**Aim of the exercise**
Across the records, find how many lines include the string "Ideas" and answer with only the figure.

Extracted records

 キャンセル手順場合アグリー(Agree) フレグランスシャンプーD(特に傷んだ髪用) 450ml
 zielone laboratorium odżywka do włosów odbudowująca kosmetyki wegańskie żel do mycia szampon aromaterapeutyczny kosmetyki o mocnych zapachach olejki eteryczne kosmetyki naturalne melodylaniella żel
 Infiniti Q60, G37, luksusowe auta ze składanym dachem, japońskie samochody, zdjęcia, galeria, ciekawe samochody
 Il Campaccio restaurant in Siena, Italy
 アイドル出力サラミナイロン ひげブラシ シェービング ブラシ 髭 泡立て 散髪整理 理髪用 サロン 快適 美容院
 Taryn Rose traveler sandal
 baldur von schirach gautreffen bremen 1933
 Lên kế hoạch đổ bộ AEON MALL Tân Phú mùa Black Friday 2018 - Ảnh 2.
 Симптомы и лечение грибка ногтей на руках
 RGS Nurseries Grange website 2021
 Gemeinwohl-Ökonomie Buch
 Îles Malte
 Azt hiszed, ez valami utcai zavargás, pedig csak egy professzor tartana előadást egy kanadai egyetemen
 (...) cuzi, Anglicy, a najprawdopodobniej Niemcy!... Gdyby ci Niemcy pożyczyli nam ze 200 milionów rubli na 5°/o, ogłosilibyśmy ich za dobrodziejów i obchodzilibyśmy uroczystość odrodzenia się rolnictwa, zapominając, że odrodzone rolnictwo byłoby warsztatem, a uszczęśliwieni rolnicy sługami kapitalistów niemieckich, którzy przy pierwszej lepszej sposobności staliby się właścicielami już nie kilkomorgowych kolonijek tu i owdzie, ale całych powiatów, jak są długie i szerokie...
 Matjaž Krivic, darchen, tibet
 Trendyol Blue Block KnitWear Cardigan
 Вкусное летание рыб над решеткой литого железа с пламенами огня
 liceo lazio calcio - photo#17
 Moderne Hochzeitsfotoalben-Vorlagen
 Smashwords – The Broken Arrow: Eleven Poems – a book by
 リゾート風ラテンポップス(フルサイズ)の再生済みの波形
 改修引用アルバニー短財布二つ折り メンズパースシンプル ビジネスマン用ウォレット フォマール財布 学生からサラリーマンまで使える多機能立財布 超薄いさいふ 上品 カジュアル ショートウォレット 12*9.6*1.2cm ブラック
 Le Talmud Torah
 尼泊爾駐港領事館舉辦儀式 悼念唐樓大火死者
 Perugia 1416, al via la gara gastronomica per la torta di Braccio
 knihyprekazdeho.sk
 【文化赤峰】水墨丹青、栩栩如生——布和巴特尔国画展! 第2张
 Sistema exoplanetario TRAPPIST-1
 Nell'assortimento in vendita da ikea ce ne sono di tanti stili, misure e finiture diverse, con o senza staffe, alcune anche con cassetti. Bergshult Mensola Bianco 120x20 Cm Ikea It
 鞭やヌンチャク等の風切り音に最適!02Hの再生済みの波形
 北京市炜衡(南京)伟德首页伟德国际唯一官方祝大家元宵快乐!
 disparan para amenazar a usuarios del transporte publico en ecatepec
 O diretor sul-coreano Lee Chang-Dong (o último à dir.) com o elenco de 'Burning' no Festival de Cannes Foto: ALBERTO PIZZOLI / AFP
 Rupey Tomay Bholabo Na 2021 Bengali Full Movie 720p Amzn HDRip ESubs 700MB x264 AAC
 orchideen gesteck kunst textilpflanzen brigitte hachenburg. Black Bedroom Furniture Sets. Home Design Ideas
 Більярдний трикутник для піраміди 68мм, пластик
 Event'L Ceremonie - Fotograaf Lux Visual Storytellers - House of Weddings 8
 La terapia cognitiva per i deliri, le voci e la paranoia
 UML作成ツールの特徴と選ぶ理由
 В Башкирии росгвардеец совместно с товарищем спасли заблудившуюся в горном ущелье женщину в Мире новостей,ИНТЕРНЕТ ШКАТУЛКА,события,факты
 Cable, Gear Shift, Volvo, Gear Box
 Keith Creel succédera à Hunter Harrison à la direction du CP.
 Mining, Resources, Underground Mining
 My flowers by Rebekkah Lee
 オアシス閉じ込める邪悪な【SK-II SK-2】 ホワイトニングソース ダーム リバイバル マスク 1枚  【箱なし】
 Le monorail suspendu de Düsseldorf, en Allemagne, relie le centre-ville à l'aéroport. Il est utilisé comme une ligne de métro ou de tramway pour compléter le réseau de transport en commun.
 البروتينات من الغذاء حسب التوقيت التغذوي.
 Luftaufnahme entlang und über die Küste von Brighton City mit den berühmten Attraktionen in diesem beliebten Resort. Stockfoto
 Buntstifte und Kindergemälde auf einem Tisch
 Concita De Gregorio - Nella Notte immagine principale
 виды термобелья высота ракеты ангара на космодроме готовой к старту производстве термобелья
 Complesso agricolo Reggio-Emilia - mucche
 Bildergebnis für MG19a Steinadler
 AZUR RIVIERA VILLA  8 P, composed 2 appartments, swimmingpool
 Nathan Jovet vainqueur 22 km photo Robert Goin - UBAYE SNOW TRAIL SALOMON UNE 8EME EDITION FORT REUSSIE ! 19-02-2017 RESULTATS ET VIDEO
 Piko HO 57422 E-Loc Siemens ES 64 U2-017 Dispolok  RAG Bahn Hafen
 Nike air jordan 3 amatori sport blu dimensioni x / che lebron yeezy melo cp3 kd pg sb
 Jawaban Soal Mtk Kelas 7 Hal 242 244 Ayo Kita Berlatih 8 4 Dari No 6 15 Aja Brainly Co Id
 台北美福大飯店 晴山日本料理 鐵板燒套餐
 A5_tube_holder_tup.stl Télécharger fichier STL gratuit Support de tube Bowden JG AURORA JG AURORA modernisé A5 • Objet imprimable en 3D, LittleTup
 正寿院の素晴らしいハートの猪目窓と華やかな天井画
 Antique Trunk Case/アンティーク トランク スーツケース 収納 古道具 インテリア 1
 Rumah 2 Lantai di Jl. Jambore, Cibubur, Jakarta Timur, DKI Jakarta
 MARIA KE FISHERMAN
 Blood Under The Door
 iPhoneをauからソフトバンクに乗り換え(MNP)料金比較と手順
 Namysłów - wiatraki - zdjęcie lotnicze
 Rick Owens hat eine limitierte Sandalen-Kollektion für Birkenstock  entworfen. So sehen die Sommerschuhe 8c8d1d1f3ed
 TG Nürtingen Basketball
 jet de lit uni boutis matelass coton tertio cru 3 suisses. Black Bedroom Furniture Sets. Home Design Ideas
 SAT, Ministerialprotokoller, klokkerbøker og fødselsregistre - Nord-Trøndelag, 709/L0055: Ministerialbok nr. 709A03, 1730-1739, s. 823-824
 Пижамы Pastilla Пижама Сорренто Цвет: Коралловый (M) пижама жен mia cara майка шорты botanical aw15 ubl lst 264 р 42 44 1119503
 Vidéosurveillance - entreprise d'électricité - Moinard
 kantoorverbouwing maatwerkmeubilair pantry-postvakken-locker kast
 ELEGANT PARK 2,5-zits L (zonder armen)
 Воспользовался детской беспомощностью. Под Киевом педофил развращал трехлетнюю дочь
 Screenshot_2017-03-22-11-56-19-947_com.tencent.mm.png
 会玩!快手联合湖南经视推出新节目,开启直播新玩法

**Result of this exercise**
2